South Korea shows military muscle in sparring with North
SEOUL, South Korea — South Korea flexed its military muscle Thursday by staging large military drills and disclosing a new cruise missile capable of hitting any target in North Korea, as the North became increasingly candid about its intentions to build intercontinental ballistic missiles tipped with nuclear warheads.
“We no longer hide but publicly declare: If the imperialists have nuclear weapons, we must have them, and if they have intercontinental ballistic missiles, we must have them, too,” the North’s state-run Rodong Sinmun newspaper, the most authoritative mouthpiece for the North’s leadership, said in a commentary published Thursday. “Anger seeks weapons.”
“Imperialist” is the word that North Korea uses to refer to the United States.
Washington and its allies have condemned North Korea’s launching of a satellite in December and its underground nuclear test Tuesday as a cover for developing nuclear-tipped ballistic missiles capable of reaching North America. But only recently did the North begin publicly indicating that it intended to build such missiles.
On Jan. 24, it said that Washington’s hostilities, which it said were behind U.N. sanctions against the country, were forcing it to redirect its rocket and nuclear programs to “target against the U.S.”

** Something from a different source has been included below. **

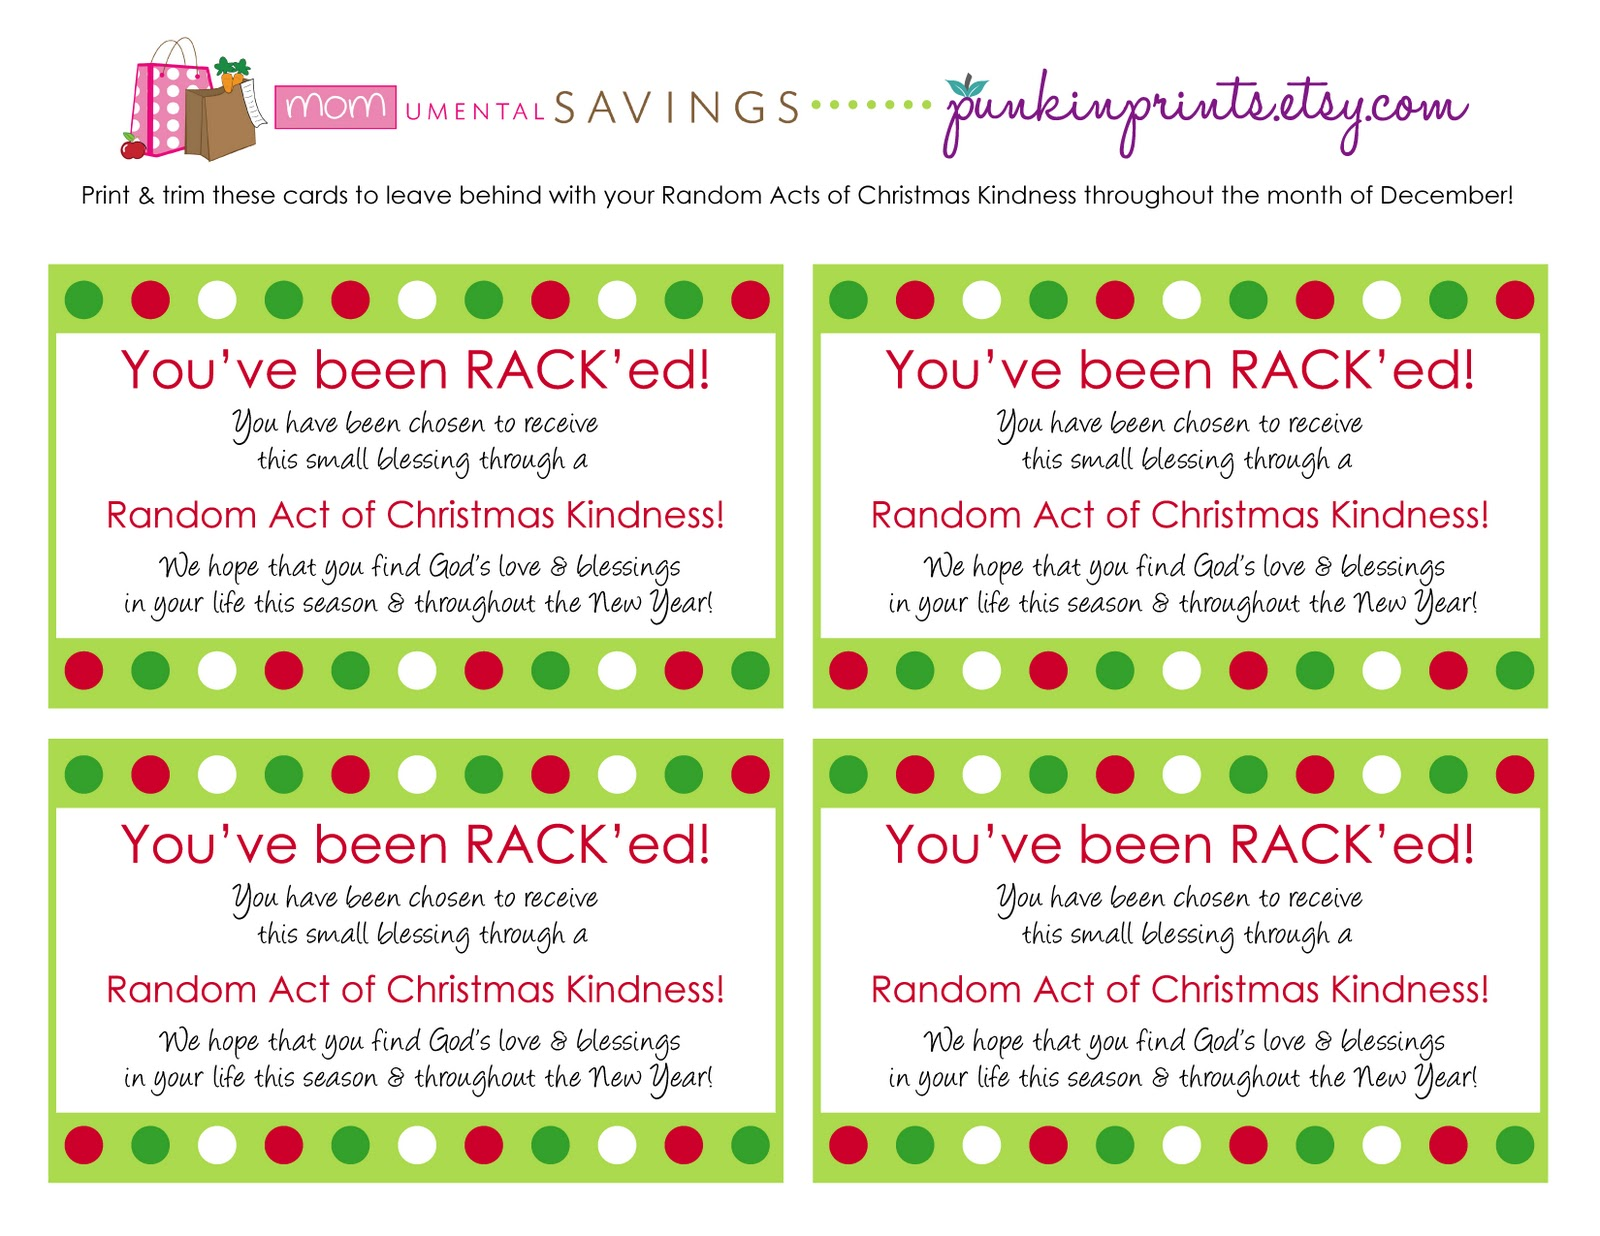 MOMumental Savings: Random Acts of Christmas Kindness
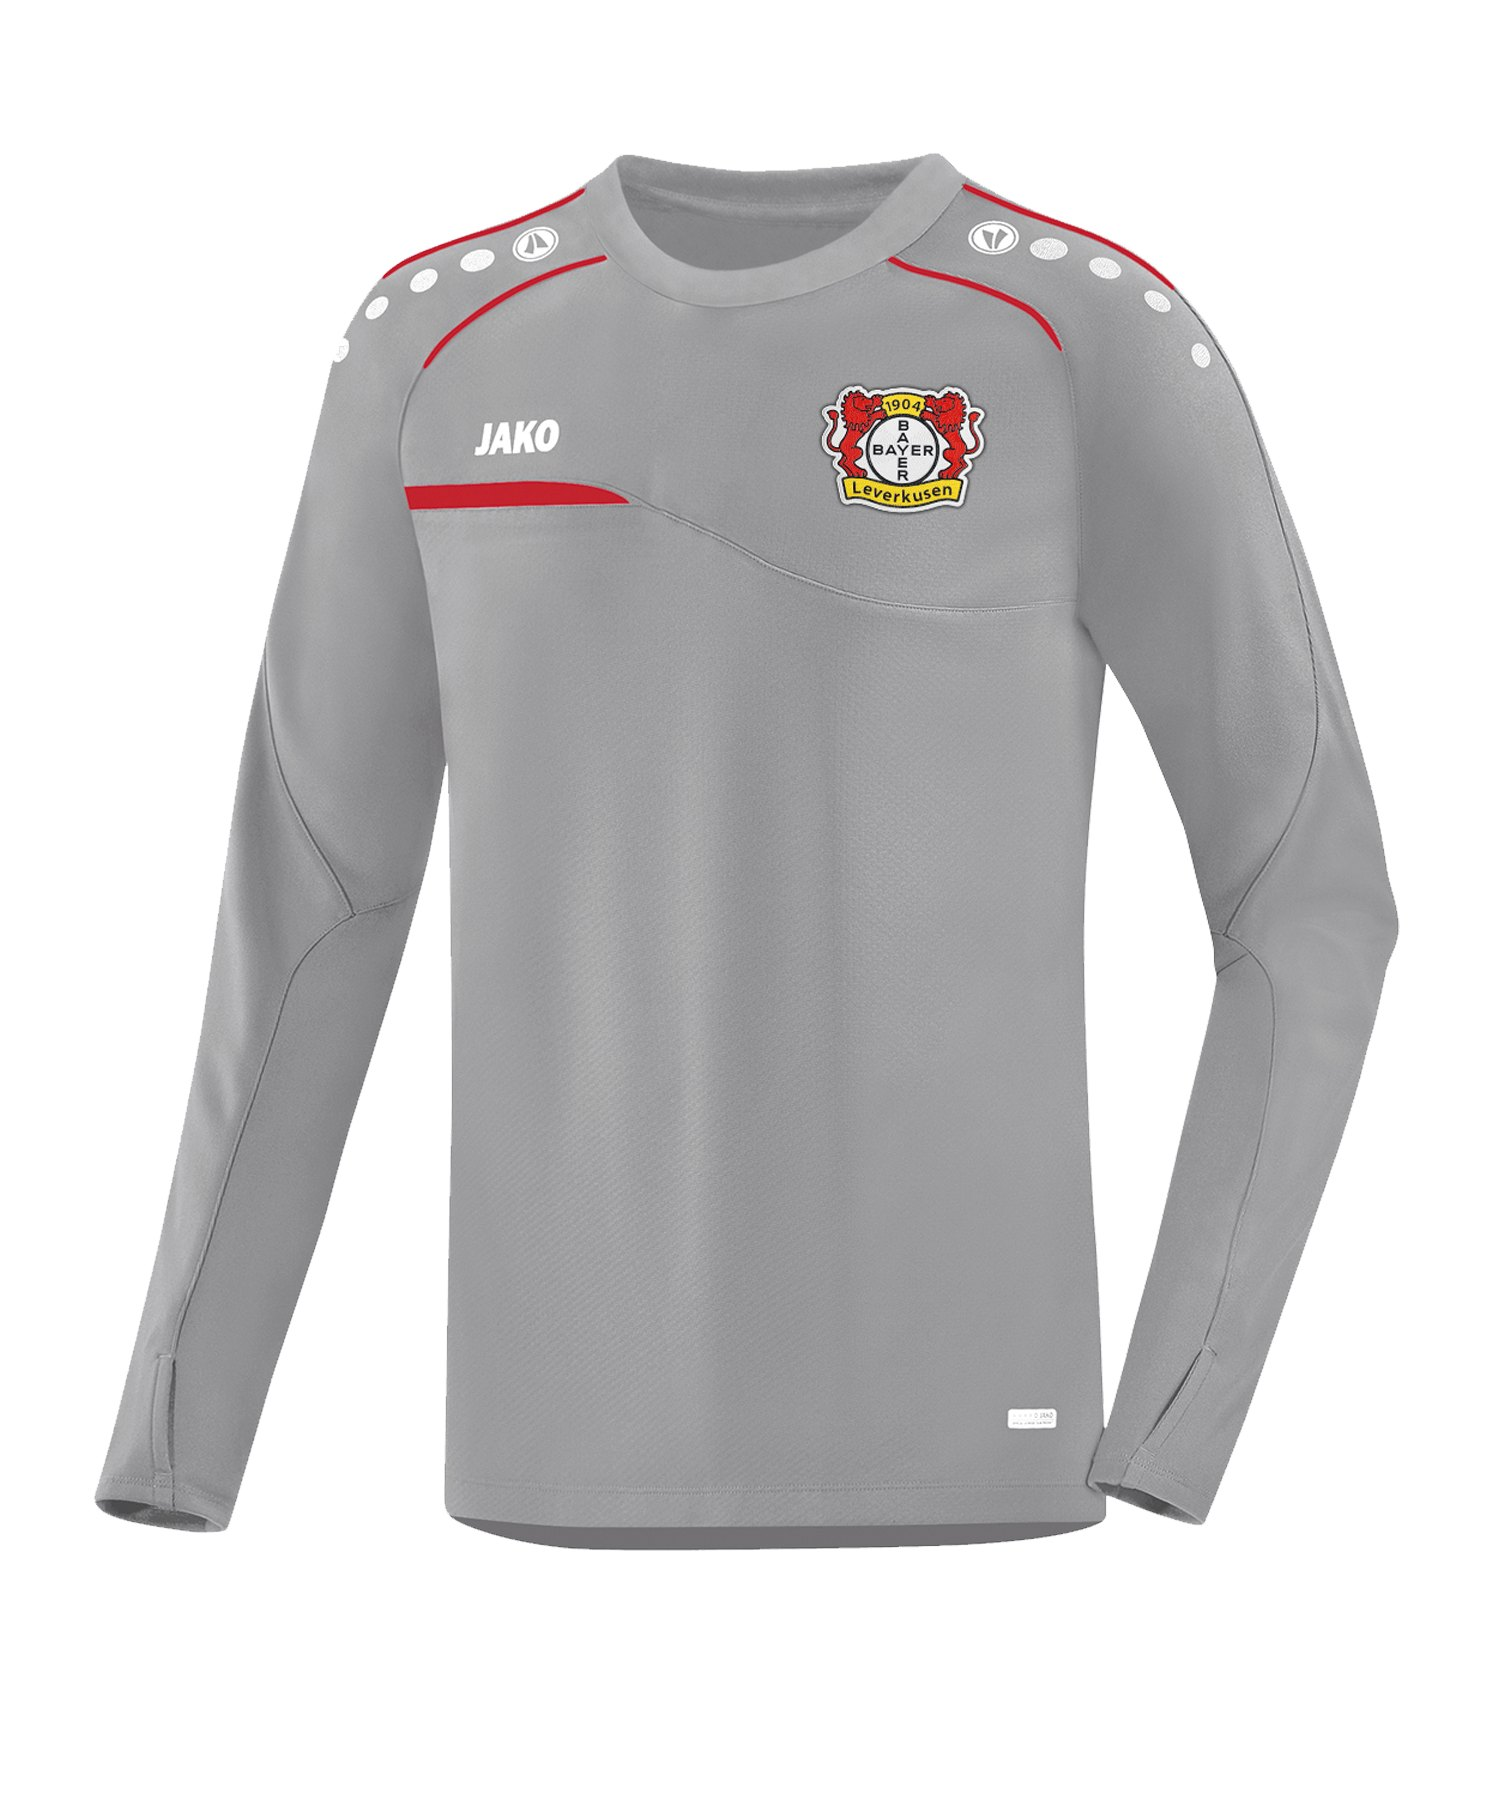 JAKO Bayer 04 Leverkusen Sweatshirt Prestige Grau F400 - grau

Although blustering is a common propaganda trope for North Korea, its increasingly public boasting comes amid growing as concerns among the governments in the region that North Korea was moving closer to building workable long-range nuclear missiles. If unchecked, U.S. officials feared, the North’s drive would embolden Iran to pursue its own nuclear ambitions despite stiff sanctions.
“It’s important for the world to have credibility with respect to our nonproliferation efforts,” Secretary of State John Kerry said Wednesday in urging the world to make a “swift, clear, strong and credible response” to the North’s third nuclear test. “What our response is with respect to this will have an impact on all other nonproliferation efforts.”
South Korea’s reaction has been swift. On Thursday, its political parties put aside their bickering over domestic politics and passed nearly unanimously a parliamentary resolution condemning the North’s nuclear test. Its navy deployed destroyers and submarines off its eastern coast to test their combat readiness.
South Korea started a similar naval drill off the western coast Wednesday and planned Friday to begin live-fire drills involving rockets and artillery near the land border with North Korea. The U.S. military, which keeps 28,500 troops in South Korea, was staging an air drill mobilizing jet fighters of the two allies.
Also Thursday, the South’s Defense Ministry offered a rare glimpse of its military capabilities by releasing a 50-second video clip that showed two cruise missiles blasting targets after they were launched by a South Korean submarine and destroyer. It was the first time the South Korean military had publicly disclosed the recently deployed missiles.